Music is an intensely visual phenomenon for me. When I listen to music, images of nature, objects, cities, and places that I have only imagined combine and overlap, creating a kind of landscape in my mind. Through painting, I am clarifying the appearance of these images in my mind and making them perceptible to viewers. Each painting begins as a visual response to a song, album, or memory of attending a concert. As each painting unfolds, the image assumes a life of its own, leading me in unexpected directions within the process of painting.

As a drummer, I have always been interested in the rhythmic qualities of songs. The repetition of sounds is essential to establishing a strong sense of rhythm and space within a piece of music. With the paintings in Every Night, pattern and repetition among colors and shapes are the means through which I create visual parallels to my experience of listening to and playing music.

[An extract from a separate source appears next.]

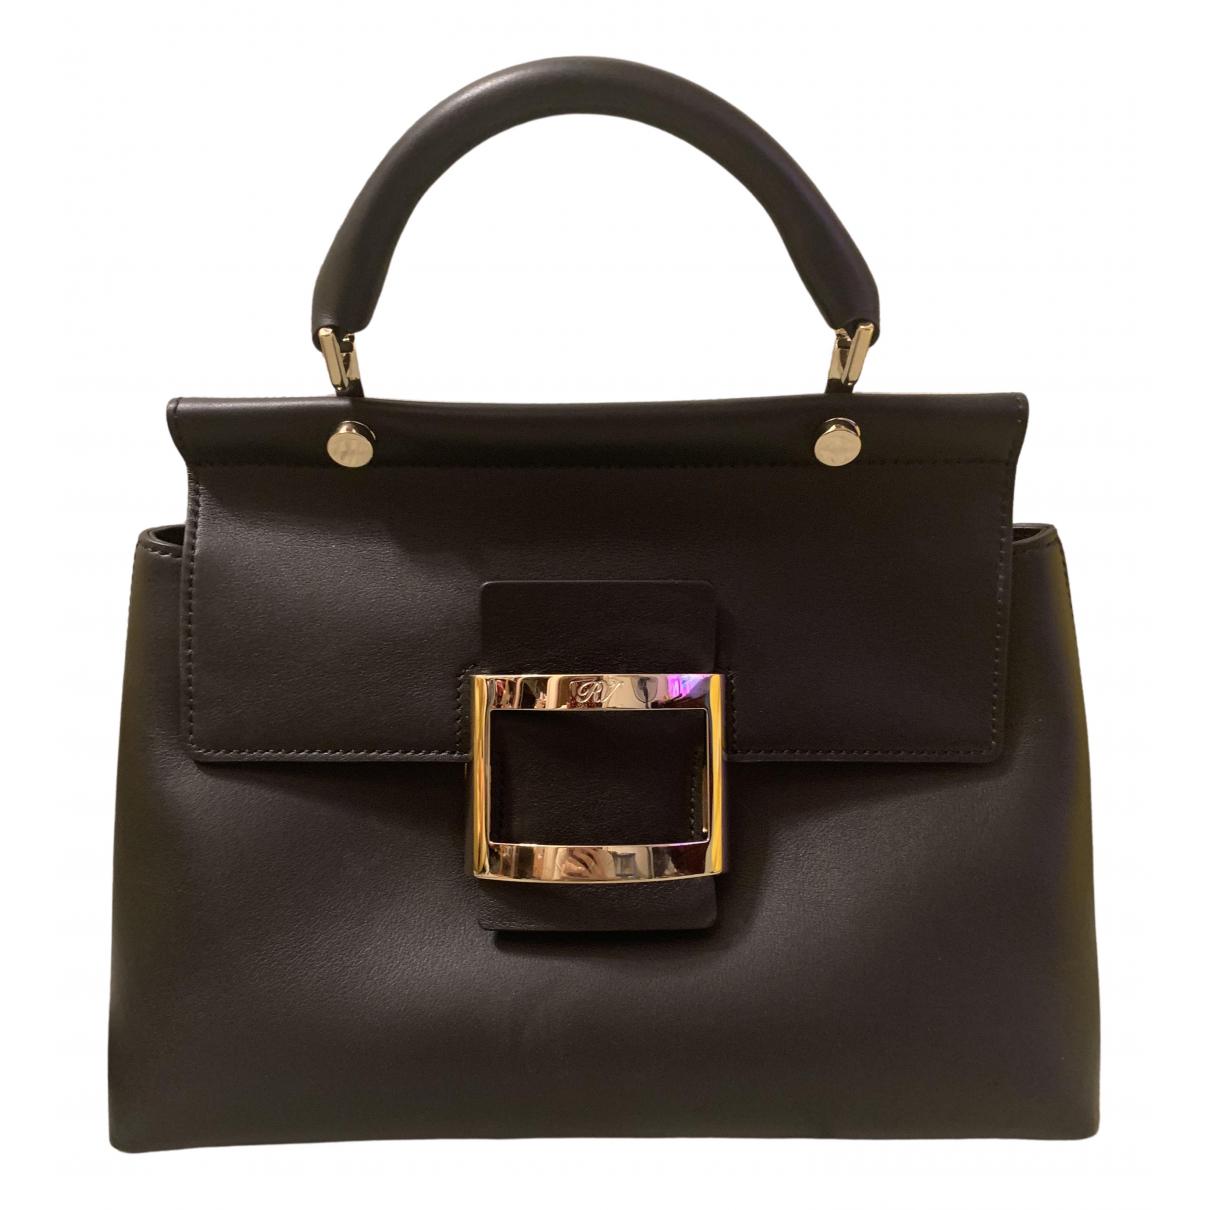 Roger Vivier \N Black Leather handbag for Women \N

Many of these paintings assume atmospheric qualities similar to those of a landscape painting through the buildup of thin transparent layers of paint. In other paintings, the pairing of overlapping bands of unmixed colors with the natural wood grain of the birch panels creates a more opaque and flattened, yet equally dynamic sense of space. These variations in how paint is applied to the canvases and wooden panels reflect my thought processes about how images resonate with the experience of listening to music.

Review of Justin Cooper’s Thin Lines at Beta Pictoris Gallery, Birmingham, AL

Beta Pictoris Gallery’s reputation as Birmingham’s premier contemporary art gallery is upheld once again with Thin Lines, an exhibition of drawings and sculpture by New York-based artist Justin Cooper. The exhibition’s opening reception featured a performance by Cooper and collaborator Ross Moreno. While the drawings in Thin Lines sit well as highly sophisticated doodles, Cooper’s signature garden hose pieces at Beta Pictoris feel timid compared to their previous incarnations. They become watered-down versions of his exploits with the garden hose elsewhere as a “suburban hallucination.”  Nonetheless, the drawings and hoses’ installation in the gallery’s front windows demonstrates Cooper’s adeptness for filling spaces with dynamic lines that blur distinctions between drawing and sculpture. 

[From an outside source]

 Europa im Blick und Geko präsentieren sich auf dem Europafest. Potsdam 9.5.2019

As a newcomer to performance art, I found Cooper’s engagement with his audience at the exhibition’s opening refreshingly accessible. The performance unfolded much like the process of drawing. Like each line in a drawing, the jokes were introduced, reworked, and reintroduced in a chain of attempts to render their comedic efforts resolved. Cooper’s propensity for stream of consciousness humor culminated in a humorous pseudo-magic trick that found Moreno stripped down to a neon green thong. Thin Lines positions play and sophistication of form and concept as healthy bedfellows in a gallery context.

Roger Jones
March 2012


Review of Picasso to Warhol Exhibition at The High Museum of Art, Atlanta, GA

The works by fourteen major artists in this exhibition show crucial changes in the trajectory of Art during the last Century. These artists are masters, but not in the sense that their work exemplifies mastery of one medium. Their mastery lies in the works’ ability to alter our understanding of what forms Art can take and its social implications.  

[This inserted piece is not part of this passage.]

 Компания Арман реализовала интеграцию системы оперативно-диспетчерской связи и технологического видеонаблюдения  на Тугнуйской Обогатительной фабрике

The installation of Picasso’s Cubist explorations at the beginning of this exhibition is fitting for a walk-through of high points in Twentieth-Century Art.  Reverberations of Picasso’s later paintings are present in Bearden and Leger’s paintings. Paintings and collages from Matisse exemplify new avenues in the use of color. The paintings from Picasso, Matisse, and Pollock exhibit the most radical shifts in the use of paint to find new images. 

Duchamp’s assertion that Art should function “In service of the mind,” reads like a maxim for this exhibition.  Of the later works, Calder’s sculptures initiate a kind of painting in space, while Warhol’s appropriation of the commercial zeitgeist through printmaking and video show Art assuming a more critical function. The contextualization that works in Picasso to Warhol provide to movements in contemporary Art is a testament to this exhibition’s content and form.


Artists featured include Pablo Picasso, Henri Matisse, Brancusi, Piet Mondrian, Fernand Leger ,Giorgio de Chirico,  Marcel Duchamp, Joan Miro, Louise Bourgeois, Jackson Pollock, Romare Bearden, Alexander Calder, Jasper Johns, and Andy Warhol.